The plan takes a cue from the flat tax portion of Herman Cain’s 9-9-9 proposal, offering Americans the option of a 20 percent flat tax or their current tax rate, while preserving mortgage interest, charitable deductions and, for individuals, increasing the standard deduction to $12,500.

“‘My Cut, Balance and Grow’ plan reorders the way they do business in Washington by reinventing the tax code and restoring our nation to fiscal health through balanced budgets and entitlement reform,” Perry said. “Central to my plan is giving every American the option of throwing out the three million words of the current tax code and the costs of complying with that code in order to pay a 20 percent flat tax on their income.”

Perry’s plan also eliminates the death tax, stops taxes on qualified dividends and long-term capital gains, and ends taxes on Social Security benefits.

The “Cut, Balance and Grow” plan also will reduce the corporate tax rate from 35 percent to 20 percent, and devises initiatives to make corporate tax avoidance less appealing.

“My plan offers incentives for corporations to invest in America again, with two major reforms. First, we will transition to a territorial tax system on corporate income earned overseas. This means companies pay the appropriate corporate tax in the country where income was earned, but aren’t taxed a second time when that income is moved back into the United States,” he said. “Second, for all corporate profits currently languishing overseas, I will offer a one-time reduced tax rate of 5.25 percent for a limited period of time on repatriated earnings.”

The Lone Star governor also promised to bring spending under control — with a goal of balancing the budget by 2020 — by capping federal spending at 18 percent and passing a Balanced Budget Amendment to the Constitution “to truly protect taxpayers.”
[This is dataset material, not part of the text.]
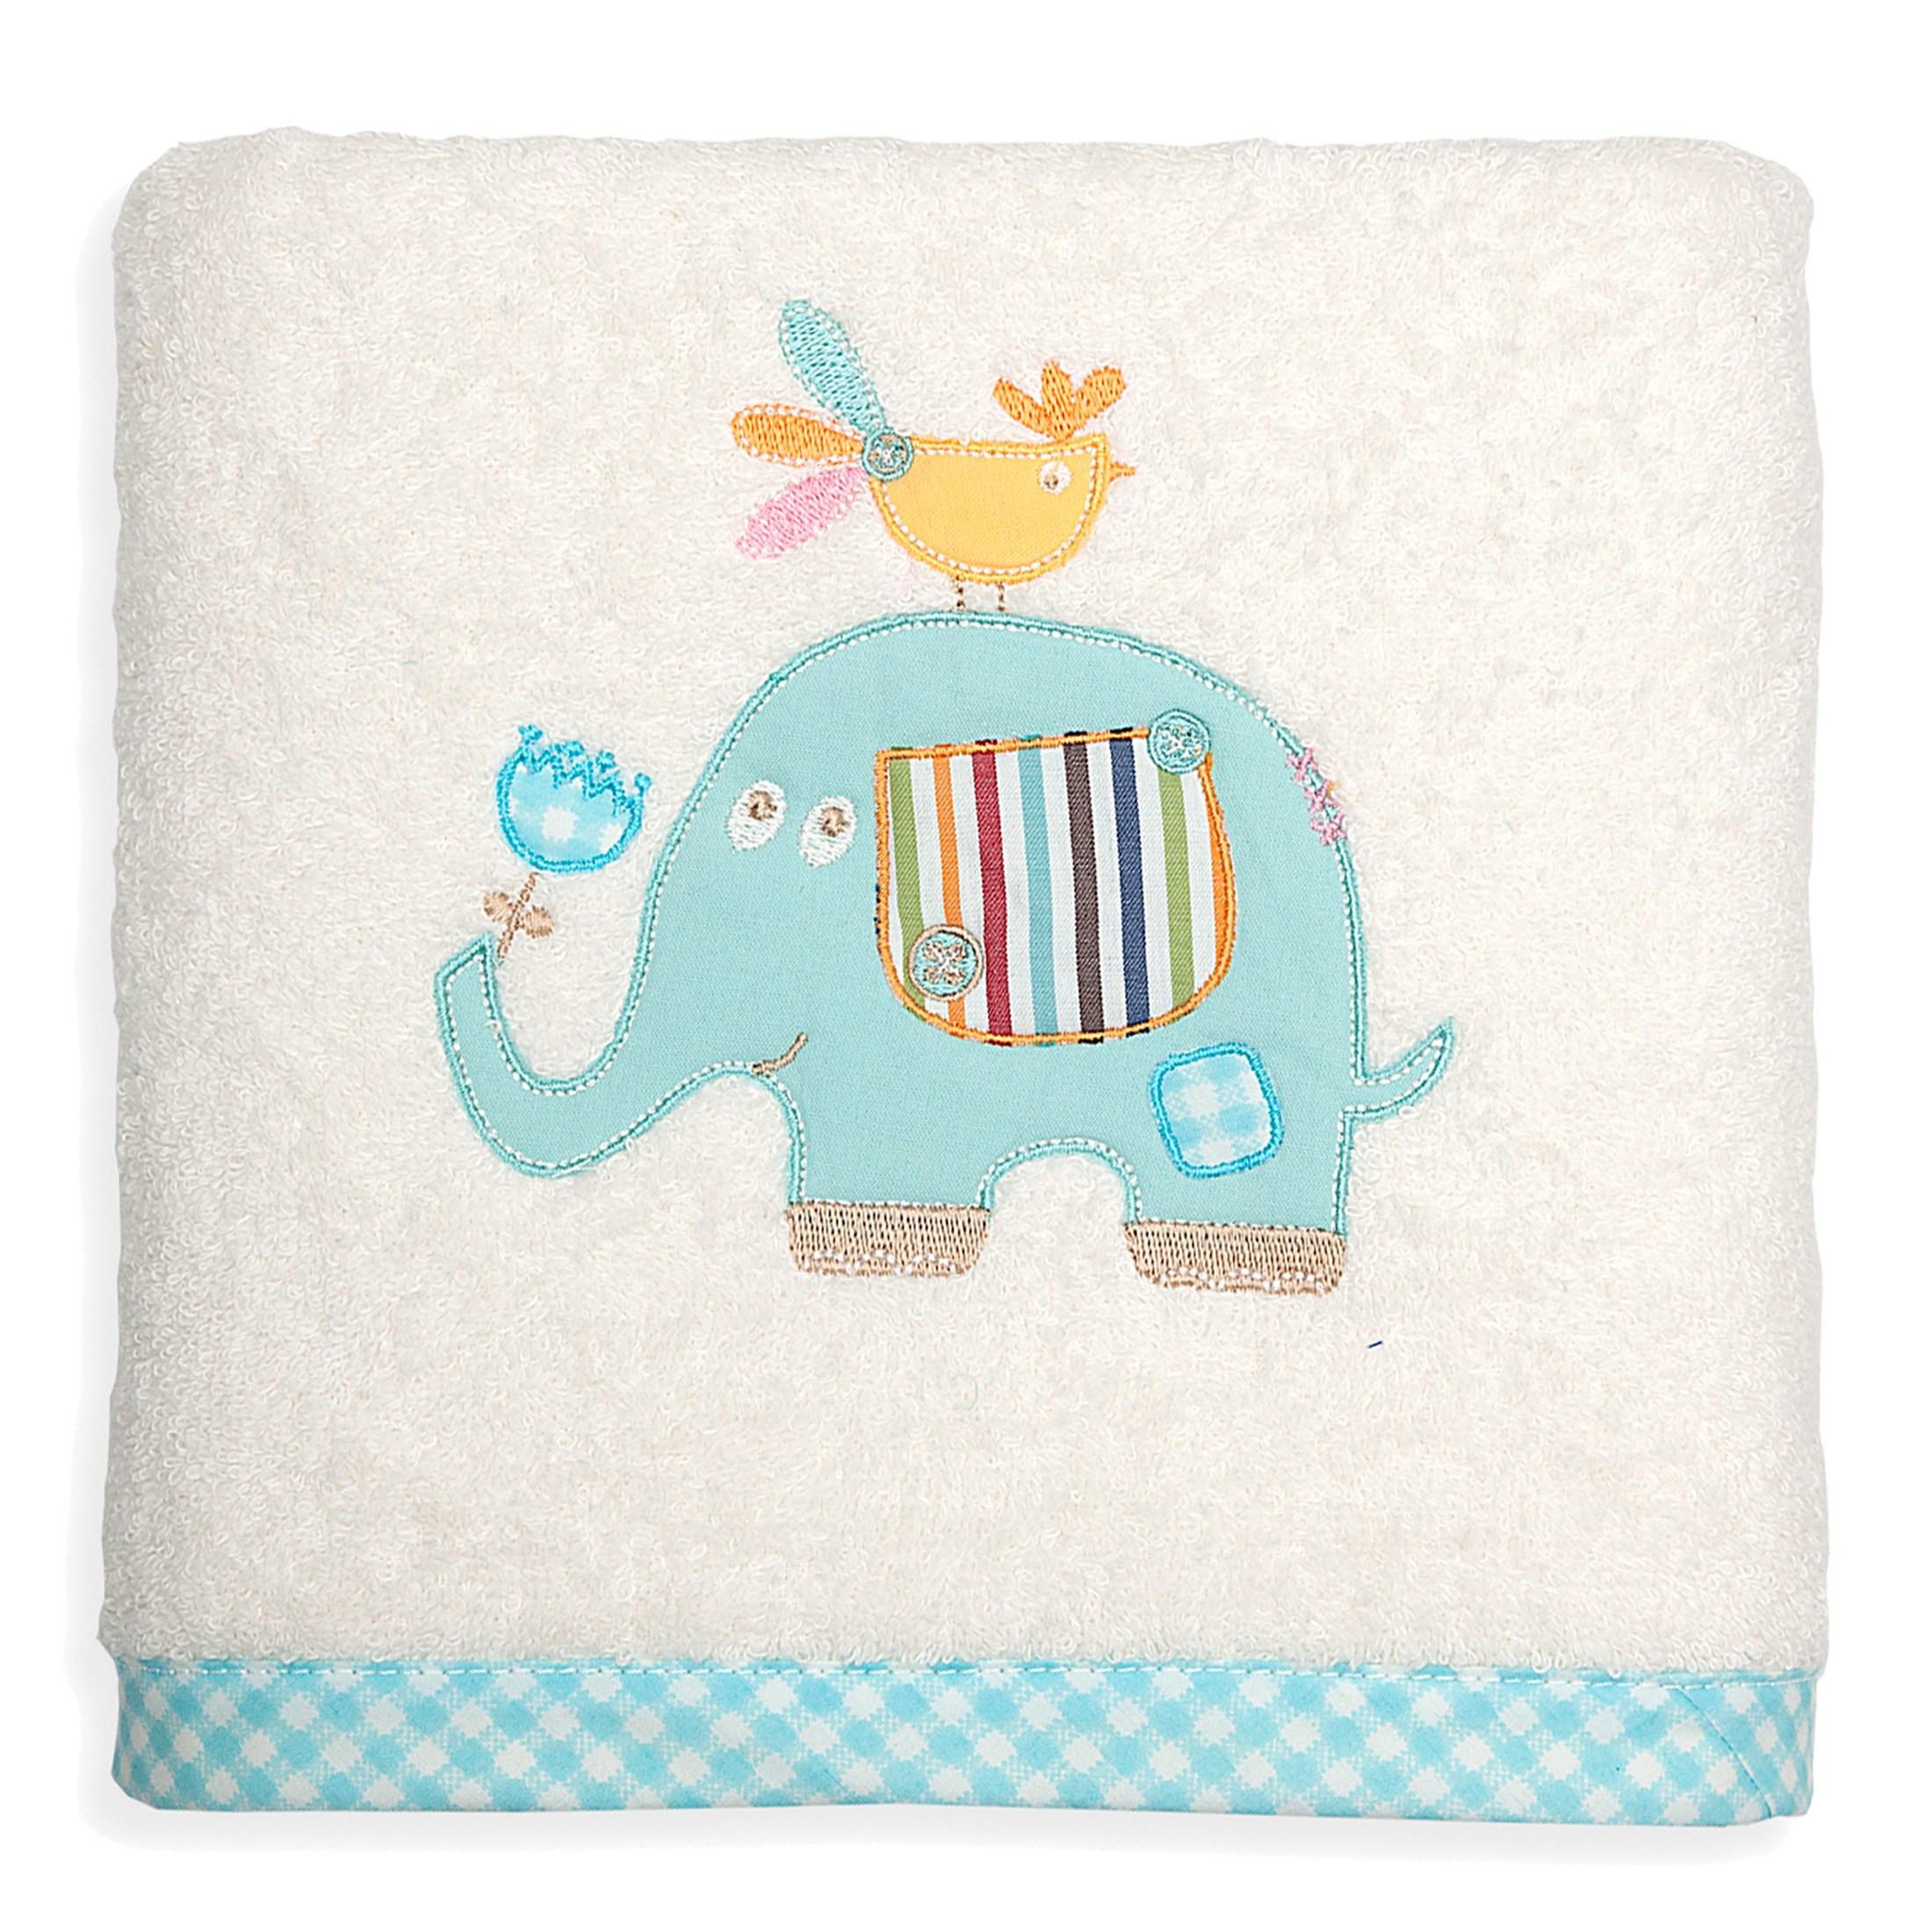 Dětský ručník BABY 50x90 Ručníky a osušky

In order to meet his 2020 goal, Perry would place a salary and hiring freeze on federal civilian employees until the budget is balance and an “immediate moratorium” on all regulations since 2008 to examine their effects on jobs, as well as reduce spending in agencies such as the Department of Education, Department of Energy and Environmental Protection Agency — leaving more regulatory power to the states.

“The great issue facing this nation is whether we have the courage to confront spending and the vision to get our economy growing again,” Perry said. “We need a tax code that unleashes growth instead of preventing it, that promotes fairness, not class warfare, that sparks investment in America instead of overseas interests. It is time to create incentives for American companies to invest in American workers.”
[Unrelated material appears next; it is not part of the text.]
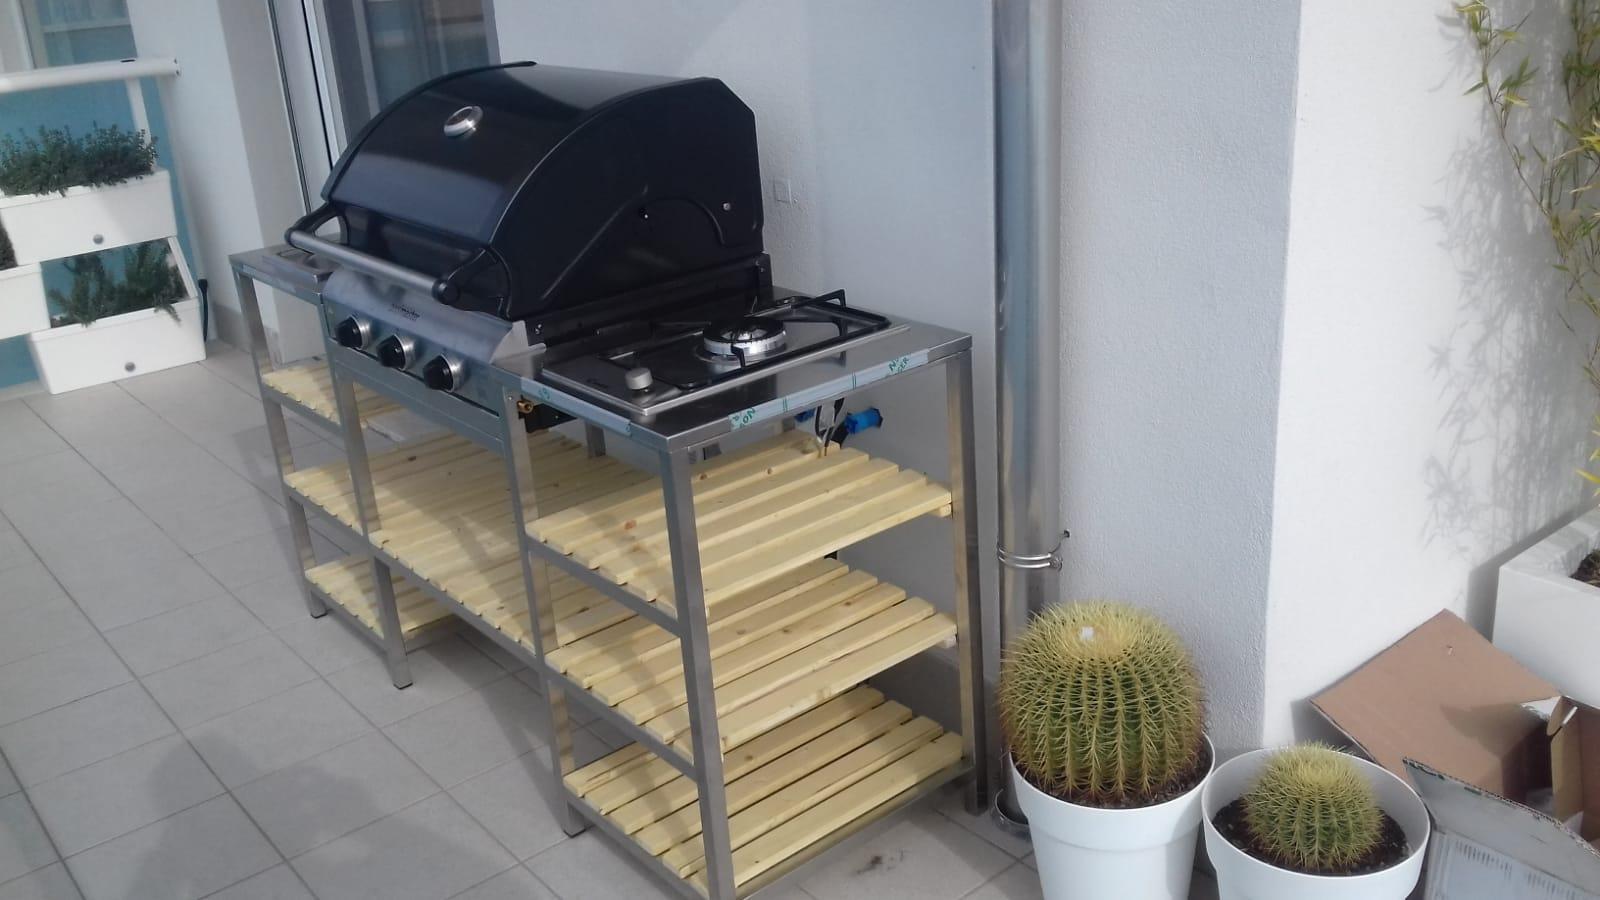 Cucine Da Esterno Con Barbecue : Cucina modulare da esterno con barbecue la bottega del fuoco ceriale

Veteran flat tax advocate Steve Forbes, editor in chief of Forbes magazine, officially endorsed Perry’s plan Sunday, telling Fox News it is “win-win all around.”
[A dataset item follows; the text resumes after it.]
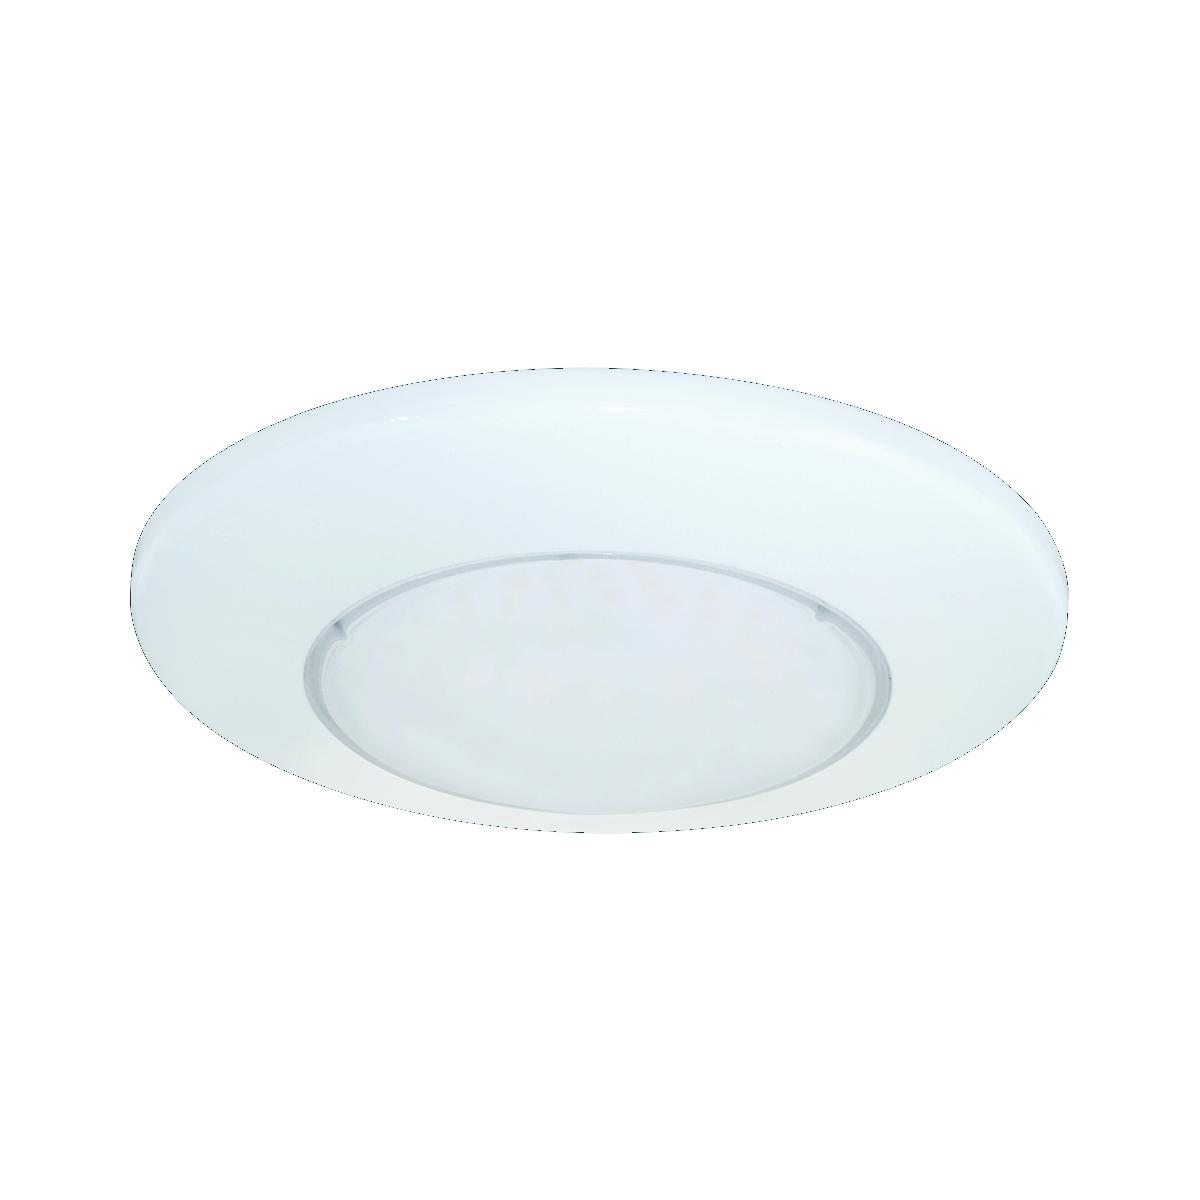 LBSLEDA | Recessed Downlights | Commercial Indoor Lighting ...

While the Obama re-election campaign conceded the details are not yet out, they wasted no time slamming the Perry proposal Monday.

In a memo highlighted by the New York Times, Obama Campaign Policy Director James Kvaal argues that both Perry and former Massachusetts Gov. Mitt Romney’s tax proposals are “far right visions” that would “drive up the deficit,” and that “the most fortunate Americans would pay less while the middle class would pay a higher share.”

In response, the Perry campaign rejected the Obama campaign’s premise.

“Governor Perry’s plan will cut taxes for everyone and grow the economy, not pit Americans against each other like President Obama does,” Perry spokesman Mark Miner told TheDC.

After making his pitch, ABC News reports that Perry will meet with South Carolina Gov. Nikki Haley and conservative kingmaker Sen. Jim DeMint.

Perry’s full job proposal is available on his website.